При виде Бартоломе Долорес встрепенулась, приподнялась, точнее, попыталась приподняться, но с тихим стоном вновь опустилась на подушку.

— Я дождалась тебя! — горячо прошептала она. — Я сумела тебя дождаться! Я…

Девушка захлебнулась от кашля.

— Милая моя! Что с тобой? Что?!

Бартоломе упал перед ней на колени. Он обнял Долорес, а в ответ услышал тихий стон, точно причинил ей боль.

— Что, что случилось?

Мать, сквозь рыдания, которые она не могла сдержать, сбивчиво объяснила, что произошло. Они с дочерью были дома вдвоем, когда ворвался Рамиро. Он походил на сумасшедшего. Он потребовал, чтобы Долорес призналась в совершенном грехе. Долорес рассмеялась ему в лицо. Тогда он схватился за кинжал. Франсиска не успела опомниться, как моряк с криком: «Умри, опозоренная девка!» нанес удар ее дочке. Клинок вошел в ее грудь справа… Рамиро бежал… Франсиска послала соседского мальчика за врачом. Тот сказал, что рана смертельна и посоветовал обратиться не к нему, а к священнику… Соседский мальчишка обежал всех соседей и всем рассказал о необыкновенном происшествии…

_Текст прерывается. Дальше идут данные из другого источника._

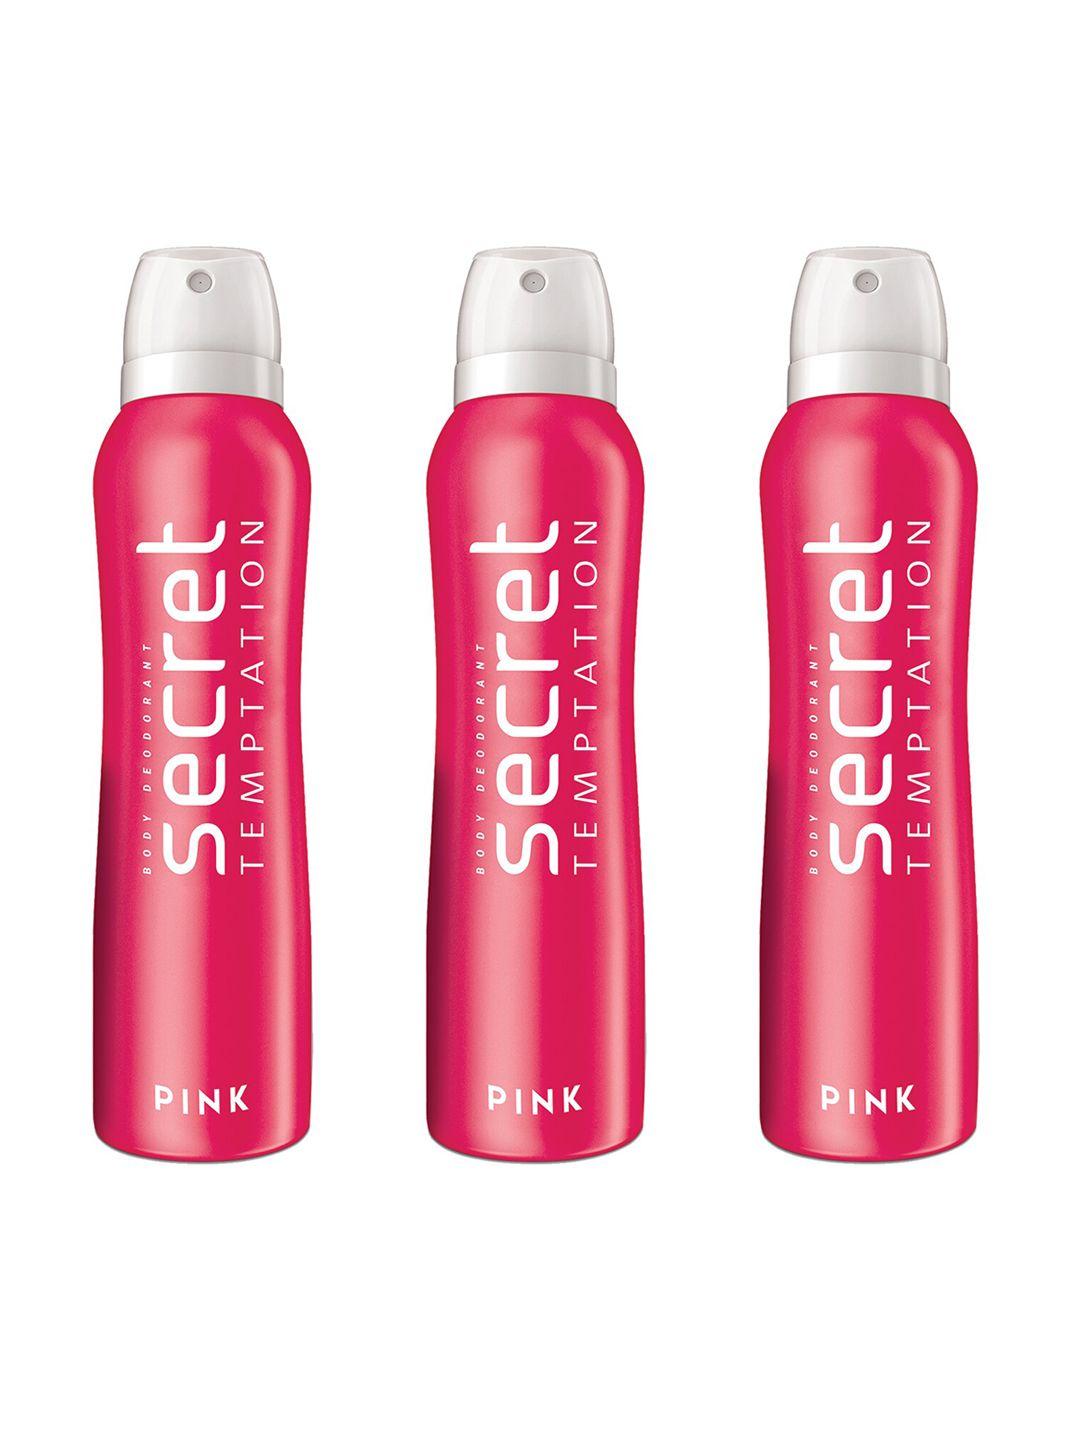 secret temptation women pink deodorant set of 3-150ml each
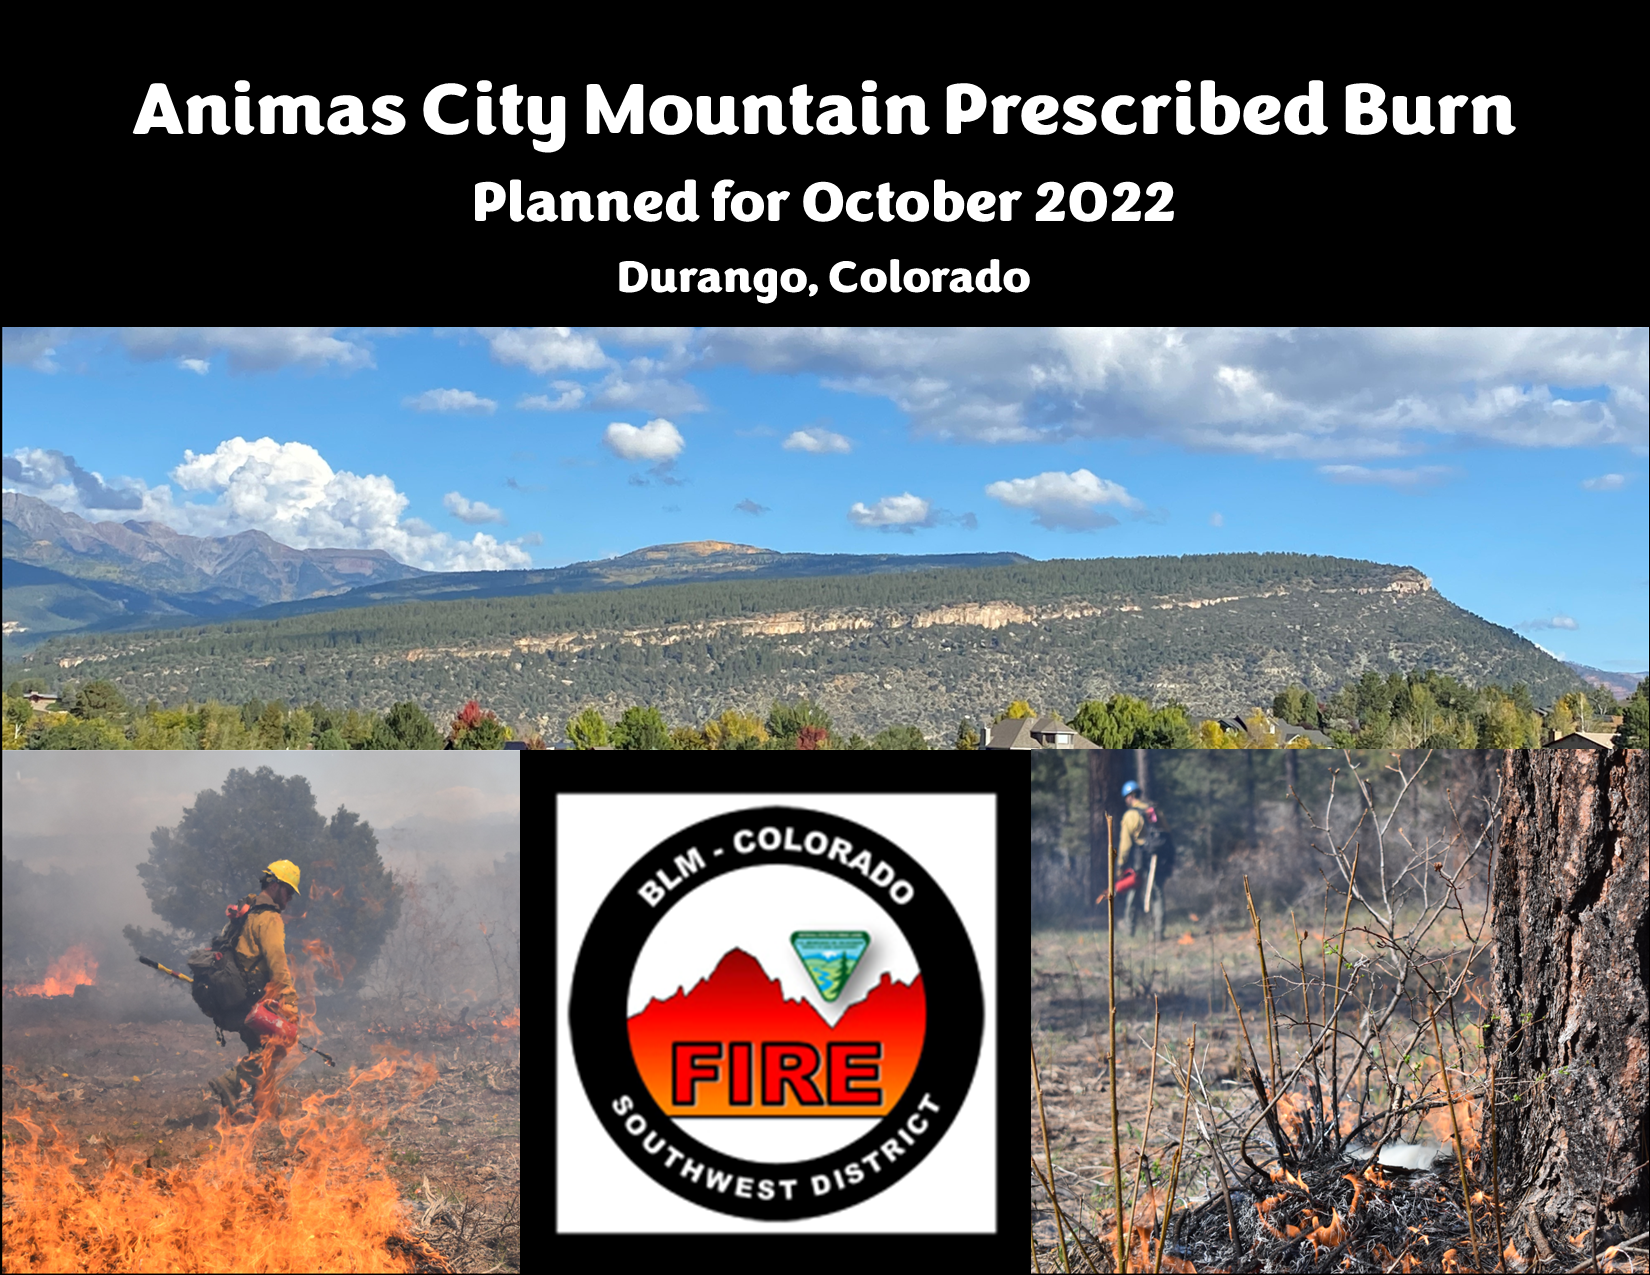 BLM Colorado Southwest District Animas City Mountain Prescribed Burn Planned October 2022

— Рамиро! — повторил Бартоломе.

У него застучало в висках, и лишь легкое, почти неощутимое прикосновение умирающей привело его в чувство.

— Пощади его! — прошептала она. — Ради меня, пощади его! Он просто… глупый, глупый мальчишка… Он так ничего и не понял… Он никогда не знал, что значит по-настоящему любить…

И вновь кашель заглушил ее слова. Казалось, с каждым словом она теряла и кровь, и жизнь.

— Молчи, молчи, молчи! — Бартоломе зажал ей рот ладонью.

Она не послушалась его. В эти последние оставшиеся ей минуты она хотела успеть сказать все, что считала для себя самым важным.

— Я ждала тебя, — шептала она. — Я не могла умереть, не увидев тебя… Я… так люблю тебя!.. Я… так любила тебя!..

И это были последние ее слова. Ее глаза широко, удивленно раскрылись, точно она видела перед собой нечто, недоступное другим. Струйка крови побежала от уголка ее рта по щеке.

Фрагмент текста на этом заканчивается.